=== Section Start ===

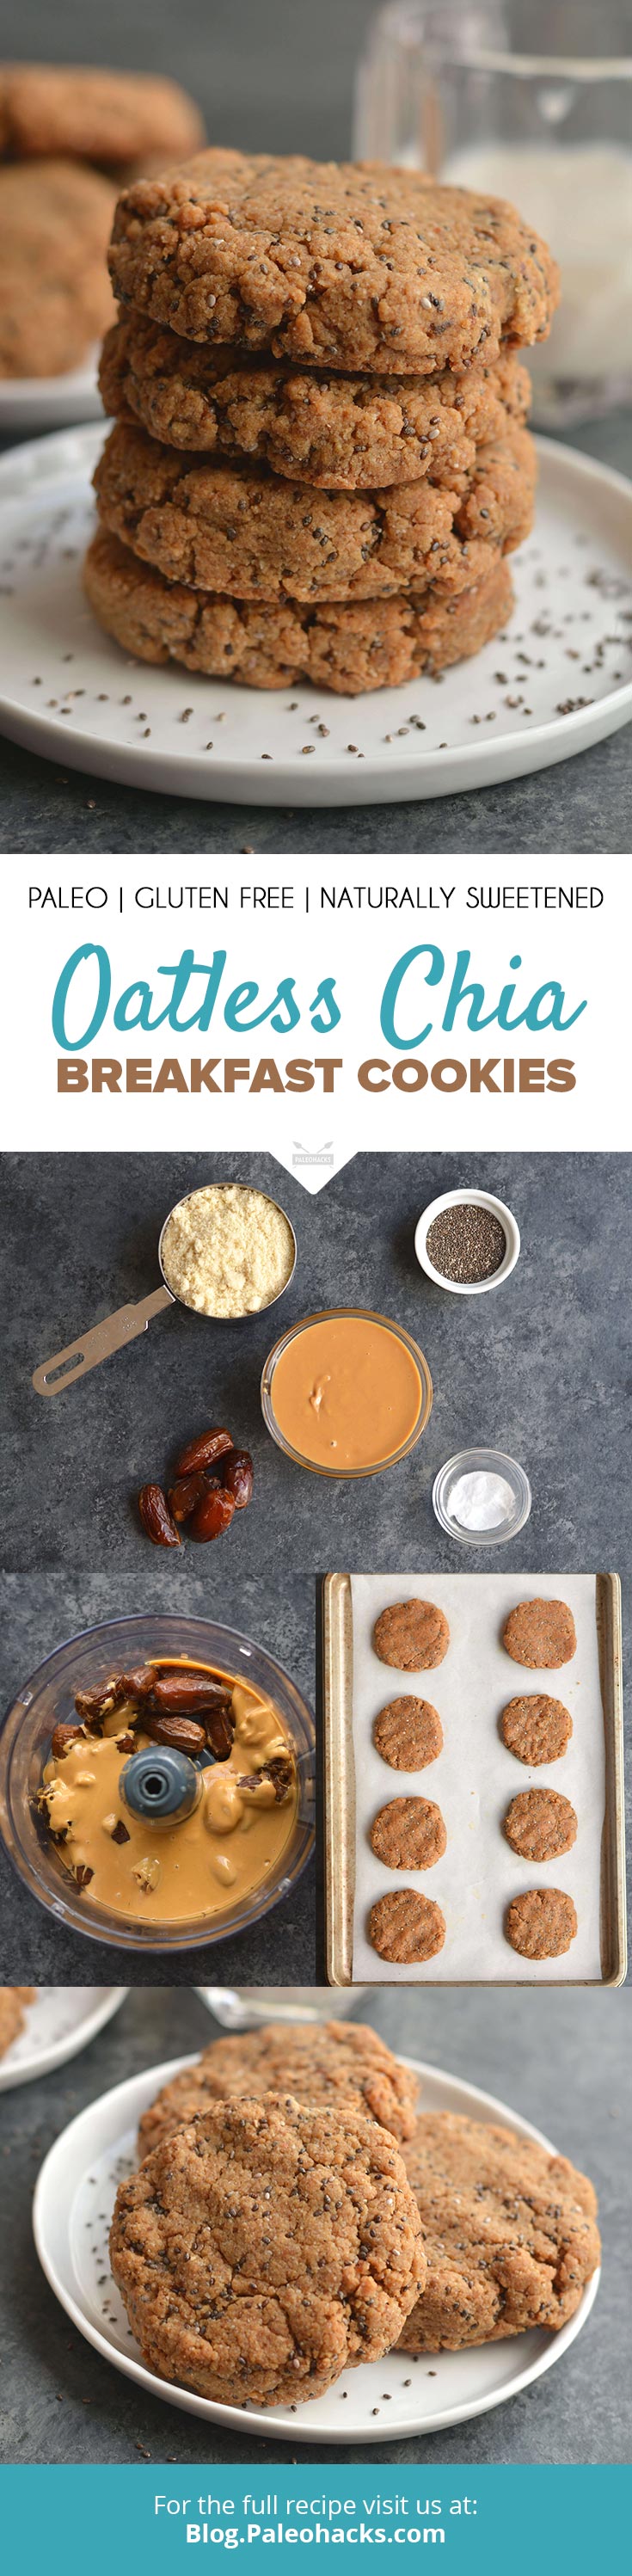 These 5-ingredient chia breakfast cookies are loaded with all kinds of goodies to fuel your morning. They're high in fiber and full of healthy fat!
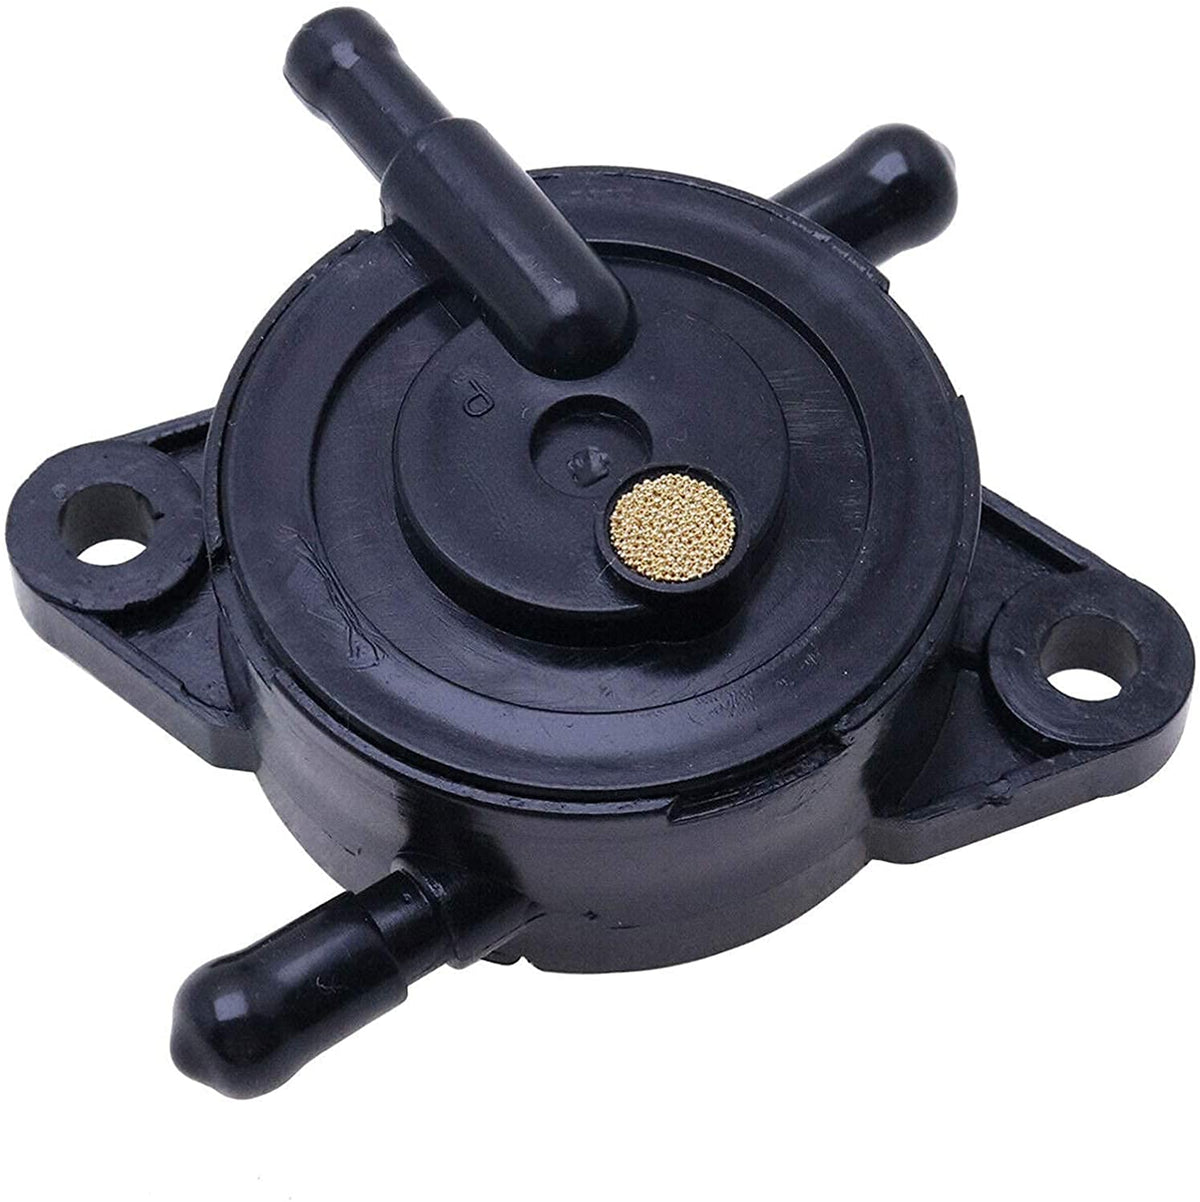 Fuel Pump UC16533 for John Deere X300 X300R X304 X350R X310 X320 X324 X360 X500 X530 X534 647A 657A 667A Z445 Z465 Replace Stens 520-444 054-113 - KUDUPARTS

=== Section End ===
=== Section Start ===

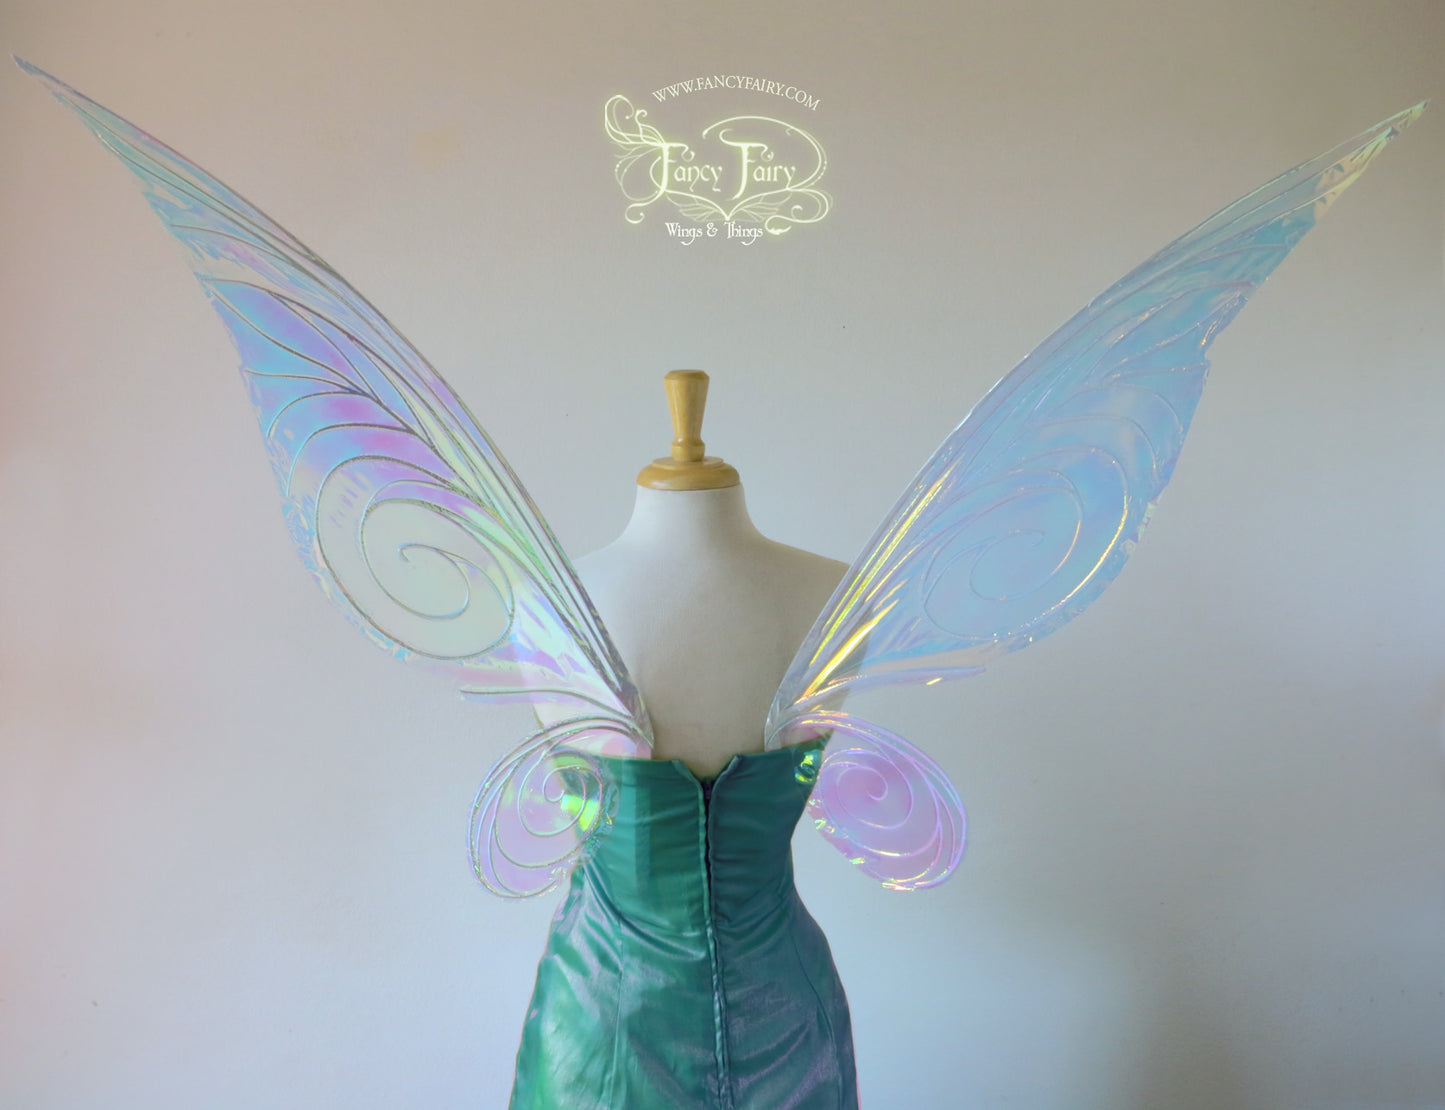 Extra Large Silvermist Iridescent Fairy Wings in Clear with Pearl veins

=== Section End ===
=== Section Start ===

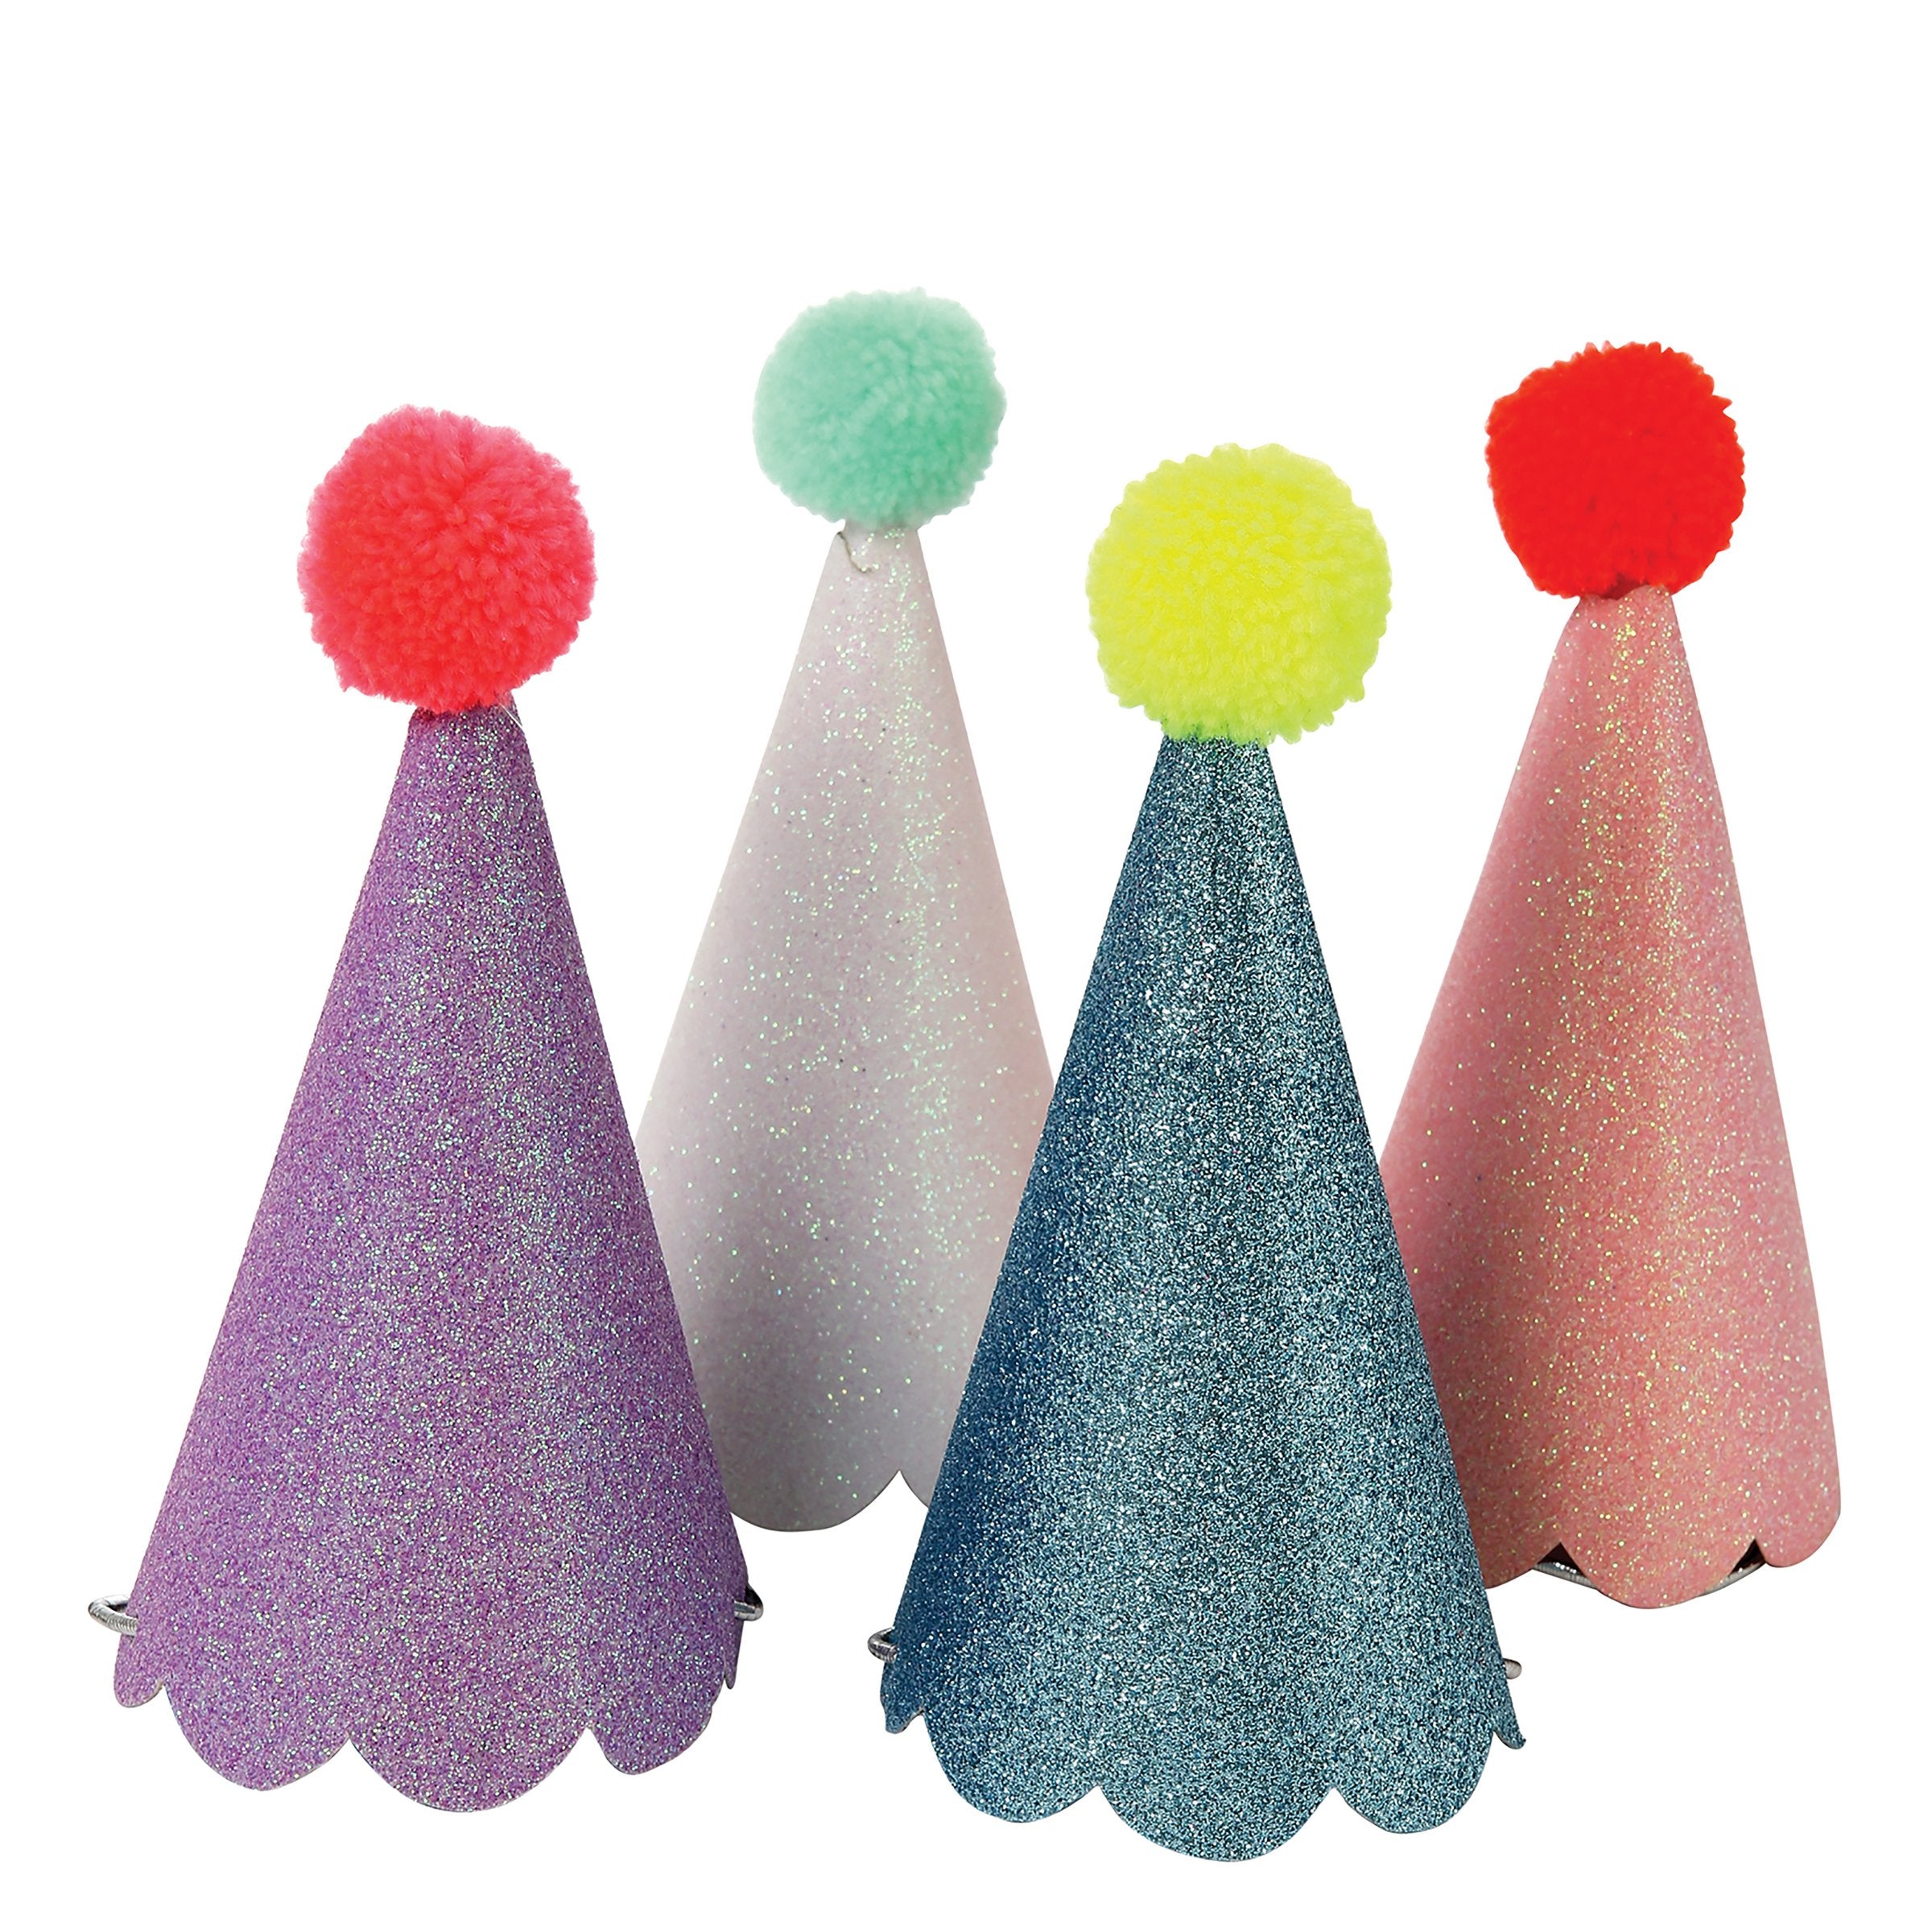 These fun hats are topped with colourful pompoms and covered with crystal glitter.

=== Section End ===

The answer should consist only of the lines above from the one with "These 5-ingredient chia" through the one with "Fuel Pump UC16533", repeated exactly, with no pictures among them.

Task solution:
 These 5-ingredient chia breakfast cookies are loaded with all kinds of goodies to fuel your morning. They're high in fiber and full of healthy fat!
 Fuel Pump UC16533 for John Deere X300 X300R X304 X350R X310 X320 X324 X360 X500 X530 X534 647A 657A 667A Z445 Z465 Replace Stens 520-444 054-113 - KUDUPARTS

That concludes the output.